MOSTLY MOZART FESTIVAL ORCHESTRA at David Geffen Hall (July 26-27 and 30-31, 7:30 p.m.). Two programs from Mostly Mozart’s resident band, the first of which, on Friday and Saturday, begins in cult-classic territory with the violinist Pekka Kuusisto as the soloist in Vivaldi’s “The Four Seasons,” before it veers into unconventionality, with traditional music from Finland, Norway and Hungary. Andrew Manze conducts, with the bass Knut Erik Sundquist also on hand. The festival’s music director, Louis Langrée, returns to the podium on Tuesday and Wednesday, for Brahms’s Symphony No. 3 and some Mozart — the overture to “Don Giovanni” and the Piano Concerto No. 20, with Martin Helmchen billed as playing cadenzas by Clara Schumann. Of the festival’s other highlights in the coming week, note the soprano Susanna Phillips’s A Little Night Music concert of songs by Fanny Hensel, Alma Mahler and Clara Schumann on Tuesday night, and a free performance of Mozart’s “Gran Partita” at St. Paul’s Chapel on Saturday at 3 p.m.
212-721-6500, lincolncenter.org/mostly-mozart-festival

NYO2 at Carnegie Hall (July 30, 7:30 p.m.). Carlos Miguel Prieto takes the helm of this orchestra of young musicians, who play an abridged version of Falla’s “The Three-Cornered Hat,” Stravinsky’s “Pétrouchka” and Gabriela Montero’s Piano Concerto No. 1, “Latin,” with the composer at the piano.
212-247-7800, carnegiehall.org

ORCHESTRA OF ST. LUKE’S at Temple Emanu-El (July 30, 7 p.m.). The free Naumburg Orchestral Concerts are always worth a visit, and this one is particularly so for a performance of songs by Florence Price, whose music is starting to receive a welcome renaissance. Jasmine Muhammad is the soloist. Also on the bill are Anna Clyne’s “Prince of Clouds,” Copland’s “Appalachian Spring” and Barber’s “Adagio for Strings.”
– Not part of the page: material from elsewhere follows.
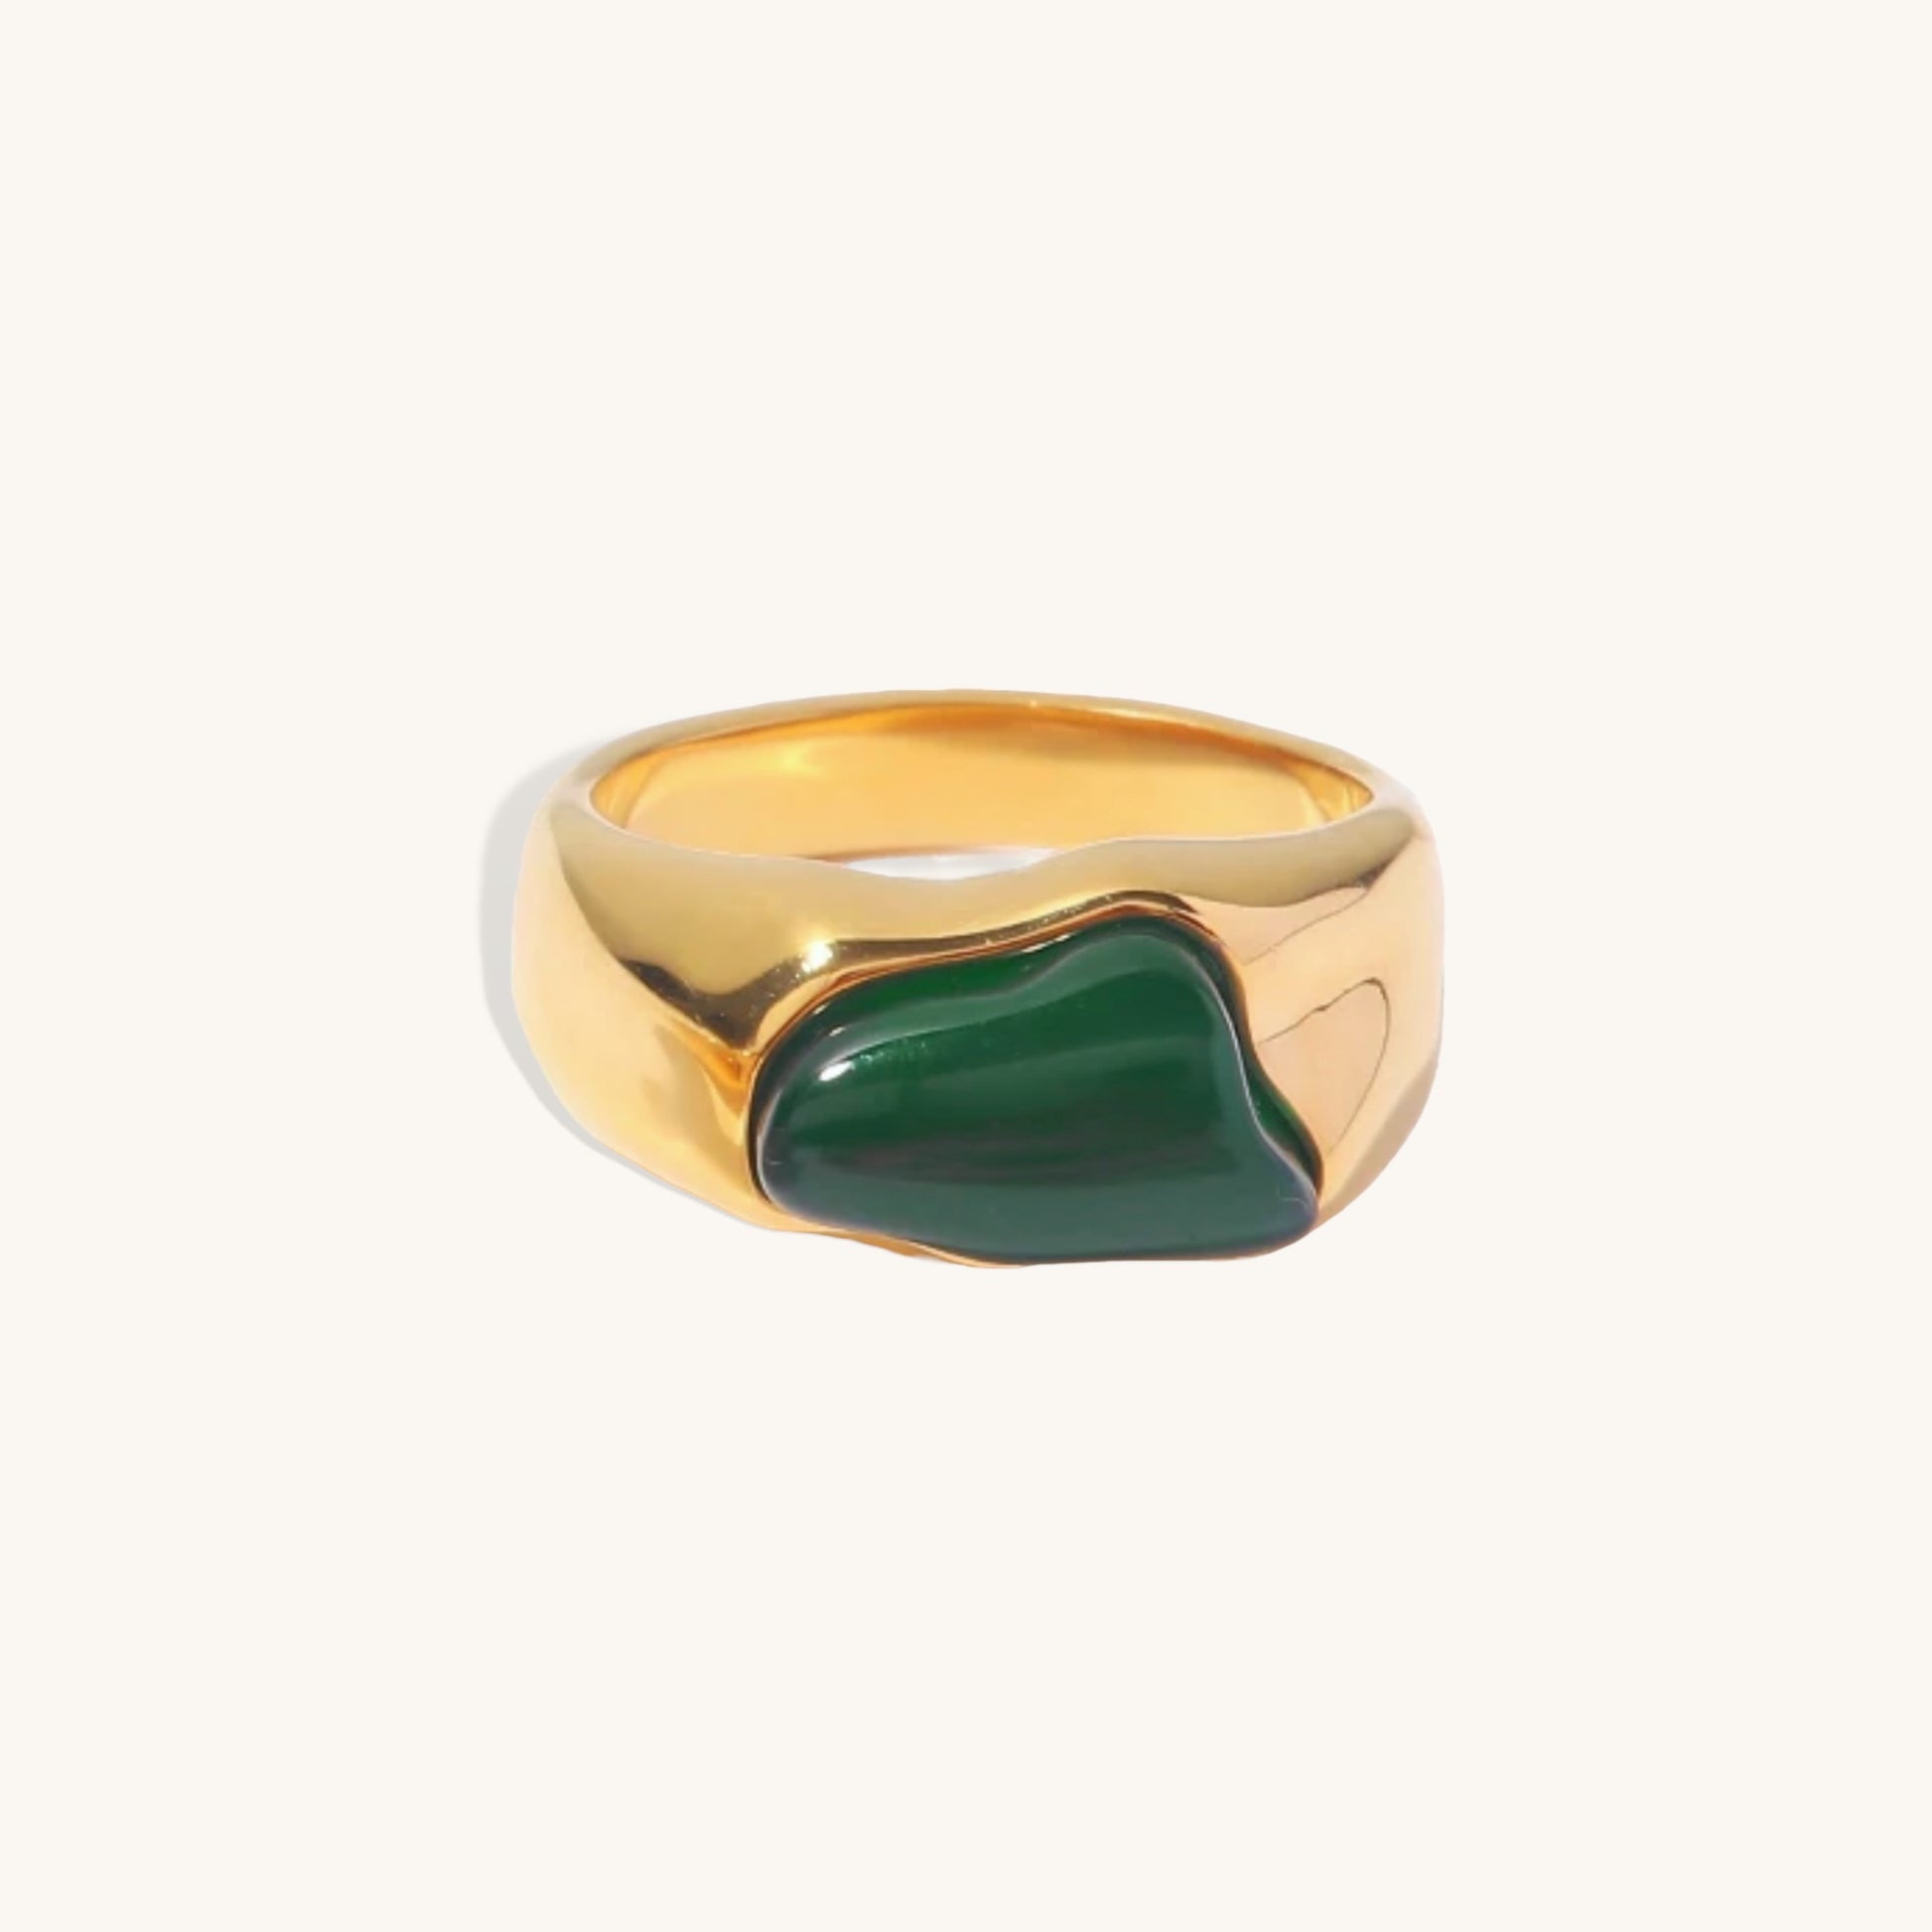 green agate ring, 18k stainless steel agate ring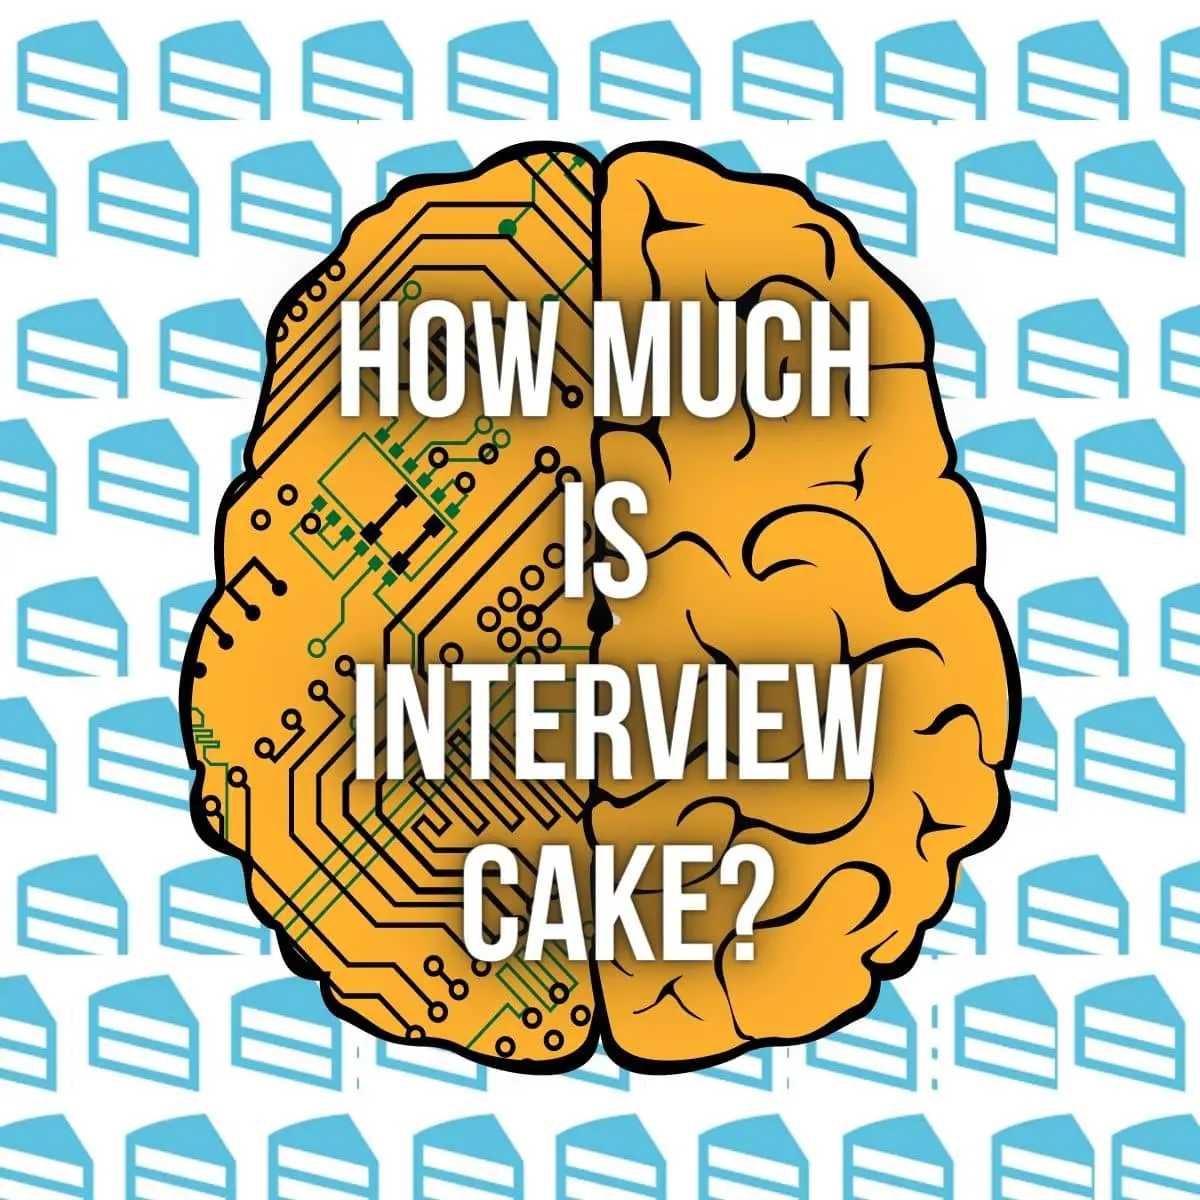 The cost of Interview Cake's course

[Read about the events that our other critics have chosen for the week ahead.]

‘DIE WALKÜRE’ at Tanglewood in Lenox, Mass. (July 27, 8 p.m.; July 28, 2:30 and 6:30 p.m.). Exiled from the Bayreuth Festival, Andris Nelsons seems to be consoling himself by embarking on Wagner’s “Ring” in the Berkshires, with this “Walküre” following on from “Das Rheingold” two years ago. Oddly he will be at the helm not of the Boston Symphony, but of its young relative, the Tanglewood Music Center Orchestra. Christine Goerke, one of today’s Brünnhildes of choice, leads the cast, with James Rutherford as Wotan, Simon O’Neill as Siegmund, Amber Wagner as Sieglinde, Franz-Josef Selig as Hunding and Stephanie Blythe as Fricka. Act I will be performed on Saturday night; Acts II and III will follow on Sunday.
617-266-1200, bso.org

‘DAS WUNDER DER HELIANE’ at the Fisher Center for the Performing Arts in Annandale-on-Hudson, N.Y. (July 26, 7:30 p.m.; July 28, 2 p.m.; through Aug. 4). Erich Wolfgang Korngold’s ultraluxurious scores are heard all too rarely outside of Central Europe, and to hear anything other than “Die Tote Stadt” anywhere is almost impossibly so. Credit, as ever, to Leon Botstein and his insatiable appetite for the exotic, then, for these performances at Bard College’s SummerScape of the opera that followed “Die Tote Stadt” in 1927. Botstein conducts the American Symphony Orchestra in a production directed by Christian Räth, with a cast including Ausrine Stundyte, Alfred Walker and Daniel Brenna.